These files are checked for gluetool configuration:

  • /etc/gluetool.d/gluetool
  • ~/.gluetool.d/gluetool
  • ./.gluetool.d/gluetool
  • options specified on a command-line

These files are checked for module configuration:

  • /etc/gluetool.d/config/<module name>
  • ~/.gluetool.d/config/<module name>
  • ./.gluetool.d/config/<module name>
  • options specified on a command-line

If you’re using a tool derived from gluetool, it may add its own set of directories, e.g. using its name insead of gluetool, but lists mentioned above should be honored by such tool anyway, to stay compatible with the base gluetool.

It is possible to change the list of directories, using --module-config-path option, the default list mentioned above is then replaced by directories provided by this option.

Todo

  • seealso:
    • option definitions

See also

Module and gluetool configuration
for more information on configuration handling.
Module aliases
for more information on module names and how to rename them

Module aliases

Each module has a name, as set by its name class attribute, but sometimes it might be good to use the module under another name. Remember, the module configuration is loaded from files named just like the module, and if there’s a way to “rename” module when used in different pipelines, user might use different configuration files for the same module.

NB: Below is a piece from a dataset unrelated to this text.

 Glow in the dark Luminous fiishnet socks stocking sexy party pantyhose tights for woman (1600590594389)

Consider following example module - it has just a single option, whom, whose value is logged in a form of greeting:

from gluetool import Module

class M(Module):
    name = 'dummy-module'

     options = {
         'whom': {}
     }

     def execute(self):
         self.info('Hi, {}!'.format(self.option('whom')))

With the following configuration, ~/.gluetool.d/config/dummy-module, it will greet your users in a more friendly fashion:

[default]
whom = handsome gluetool user

For some reason, you might wish to use the module in another pipeline, sharing the configuration between both pipelines, but you want to change the greeted entity. One option is to use a command-line option, which overrides configuration files but that would make one of your pipelines a bit exceptional, having some extra command-line stuff. Other way is to tell gluetool to use the module but give it a different name. Add the extra configuration file for your “renamed” module, ~/.gluetool.d/config/customized-dummy-module:

[default]
whom = beautiful

Module named customized-dummy-module:dummy-module does not exist but this form tells gluetool it should create an instance of dummy-module module, and name it customized-dummy-module. This is the name used to find and load module’s configuration.

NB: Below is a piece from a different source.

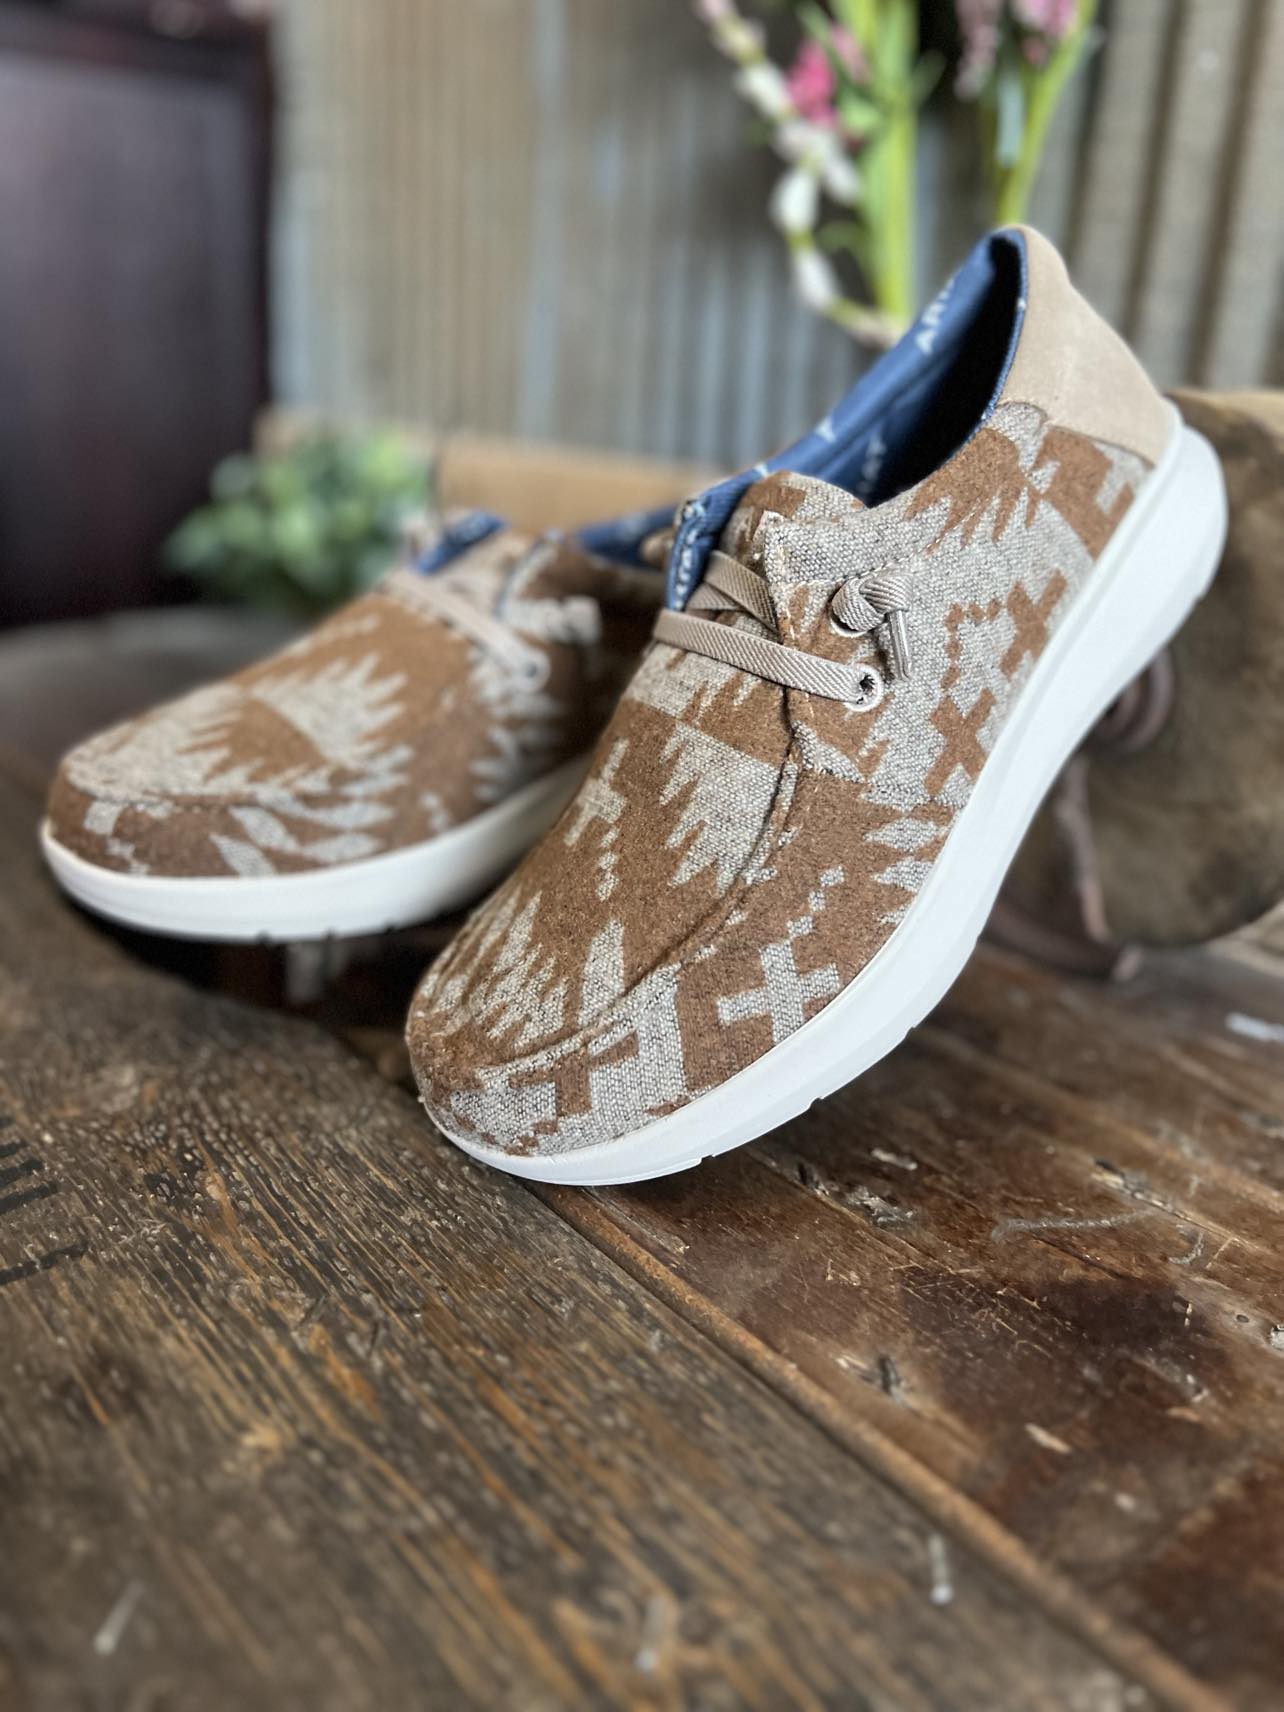 Men's Ariat Hilo Stretch Lace Sneakers in Wooly Tan Aztec-Men's Casual Shoes-Ariat-Lucky J Boots & More, Women's, Men's, & Kids Western Store Located in Carthage, MO

You may combine aliases and original modules as much as you wish - gluetool will keep track of names and the actual modules, and it will load the correct configuration:

Todo

  • re-record video because of name => whom

Evaluation context

gluetool and its modules rely heavily on separating code from configuration, offloading things to easily editable files instead of hard-coding them into module sources. Values in configuration files can often be seen as templates, which need a bit of “polishing” to fill in missing bits that depend on the actual state of a pipeline and resources it operates on. To let modules easily participate and use information encapsulated in other modules in the pipeline, gluetool uses concept called evaluation context - a module can provide a set of variables it thinks might be interesting to other modules. These variables are collected over all modules in the pipeline, and made available as a “context”, mapping of variable names and their values, which is a form generaly understood by pretty much any functionality that evaluates things, like templating engines.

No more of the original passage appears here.